## GOAL OF THE EXERCISE
In your copy of the data, keep every word exact and include no pictures.

## DATA EXCERPT
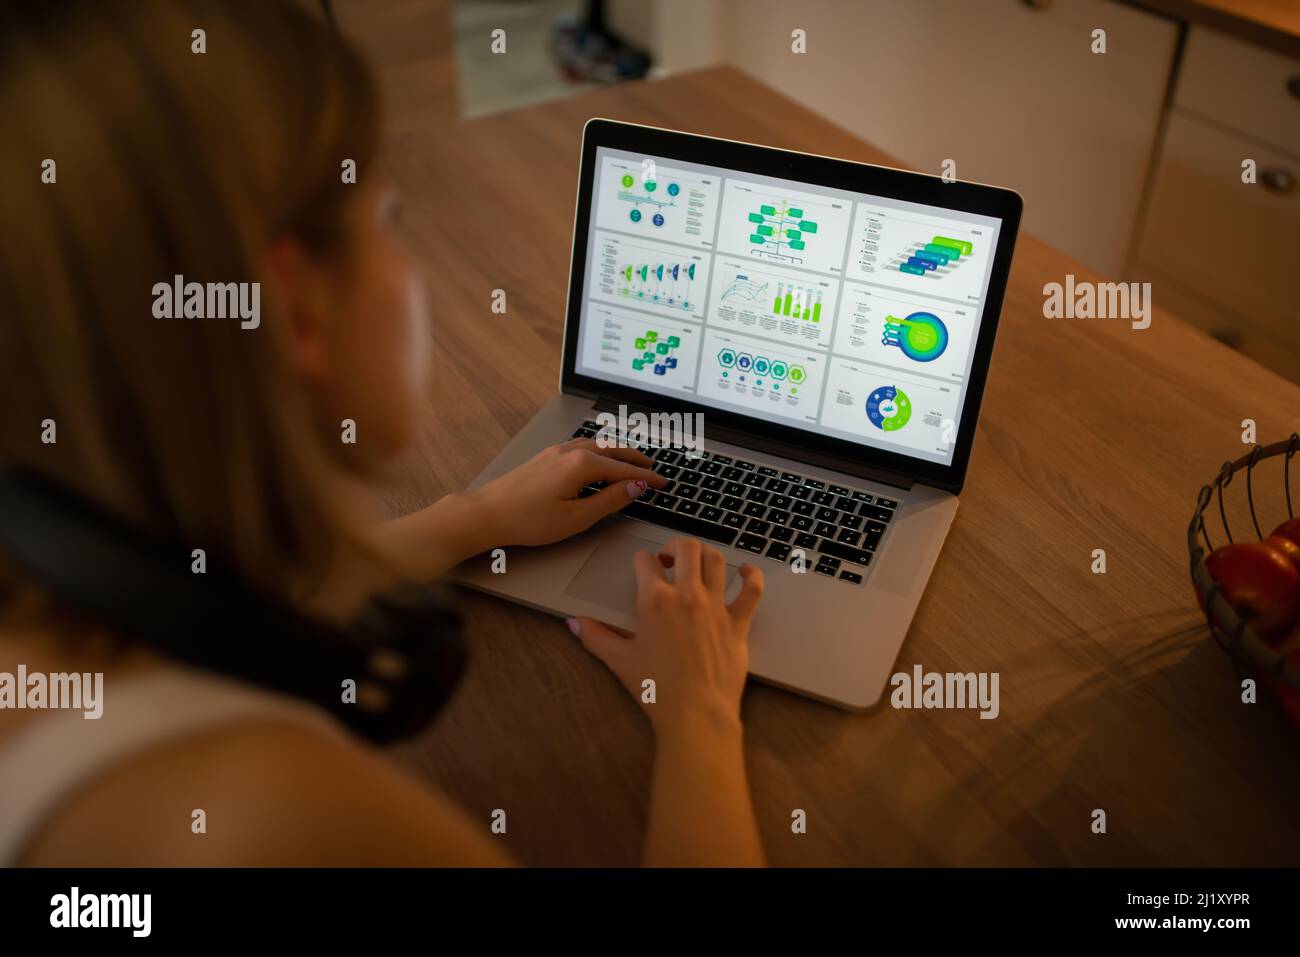 Eine junge, fleißige Frau arbeitet von zu Hause aus an neuen Projekten und ermittelt auf ihrem neuen Laptop Statistiken Stockfoto
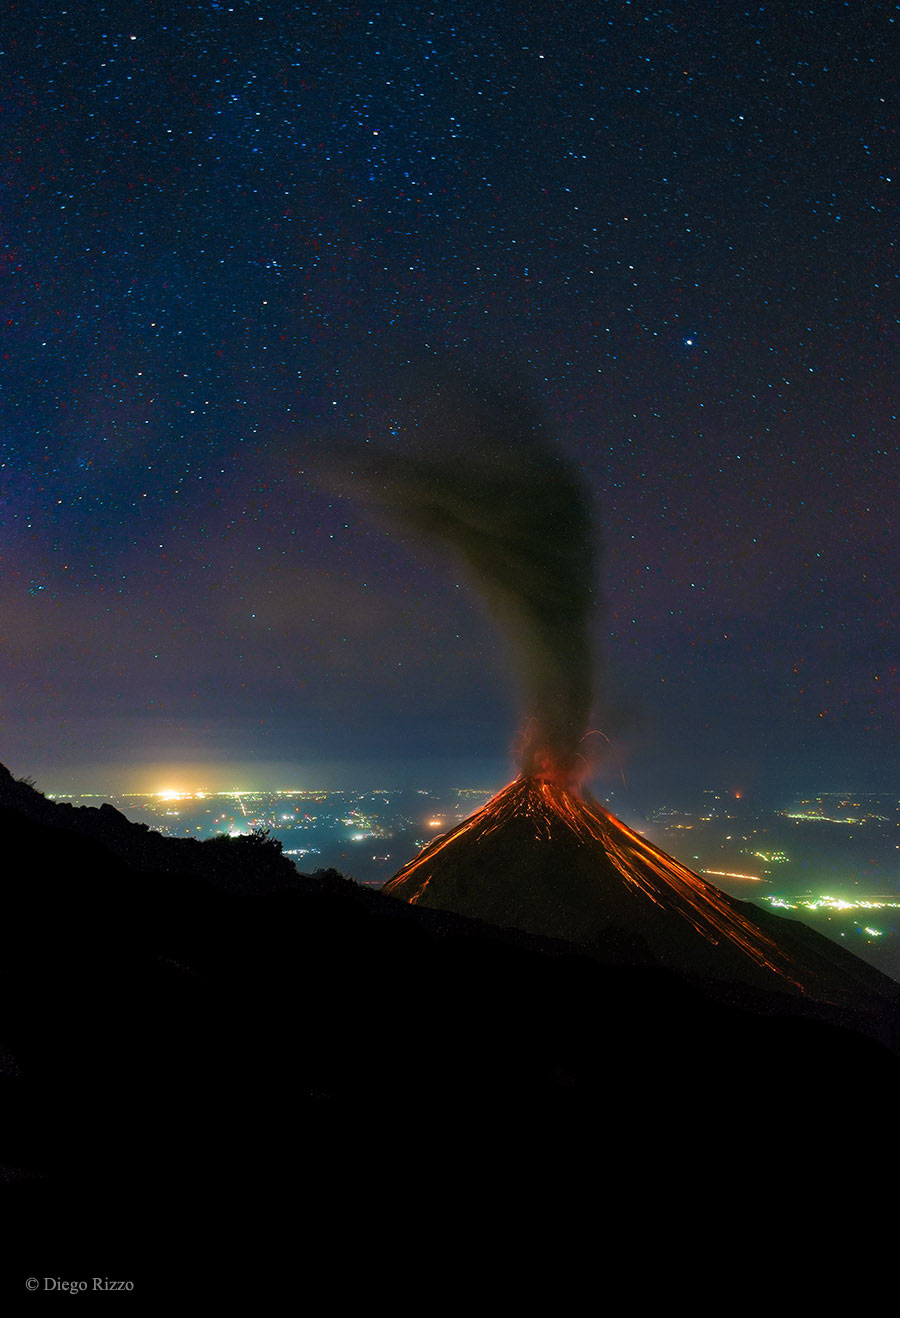 Izverzhenie Ognennogo vulkana pod zvezdnym nebom
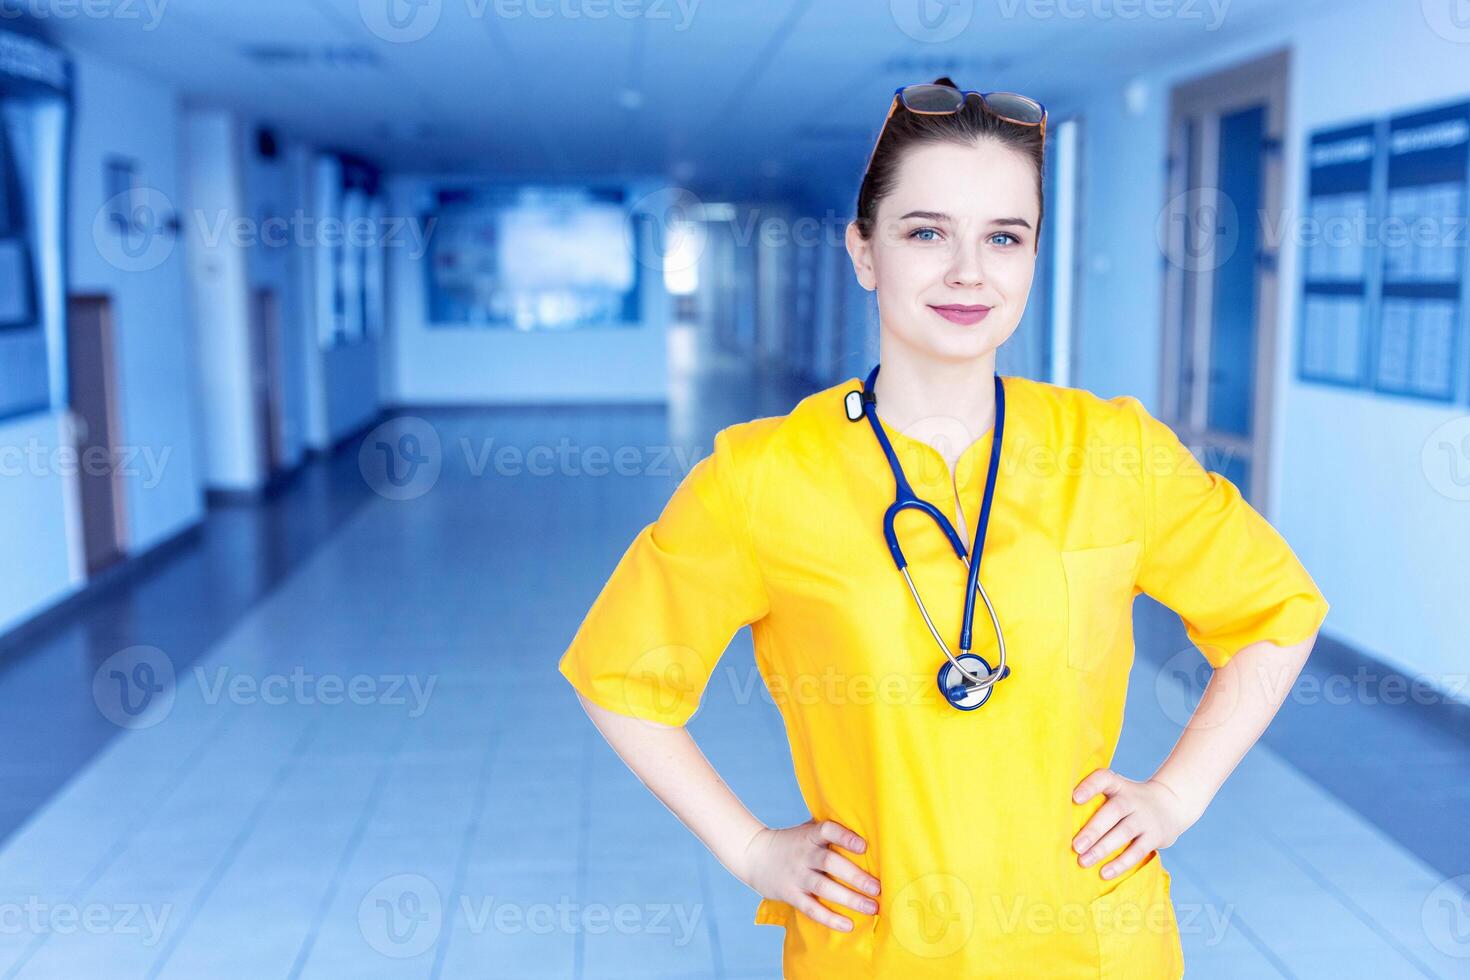 dokter in geel uniform in de ziekenhuis. concept van een gelukkig mooi dokter meisje met een glimlach foto

## OUTPUT OF THE EXERCISE
 Eine junge, fleißige Frau arbeitet von zu Hause aus an neuen Projekten und ermittelt auf ihrem neuen Laptop Statistiken Stockfoto
 Izverzhenie Ognennogo vulkana pod zvezdnym nebom
 dokter in geel uniform in de ziekenhuis. concept van een gelukkig mooi dokter meisje met een glimlach foto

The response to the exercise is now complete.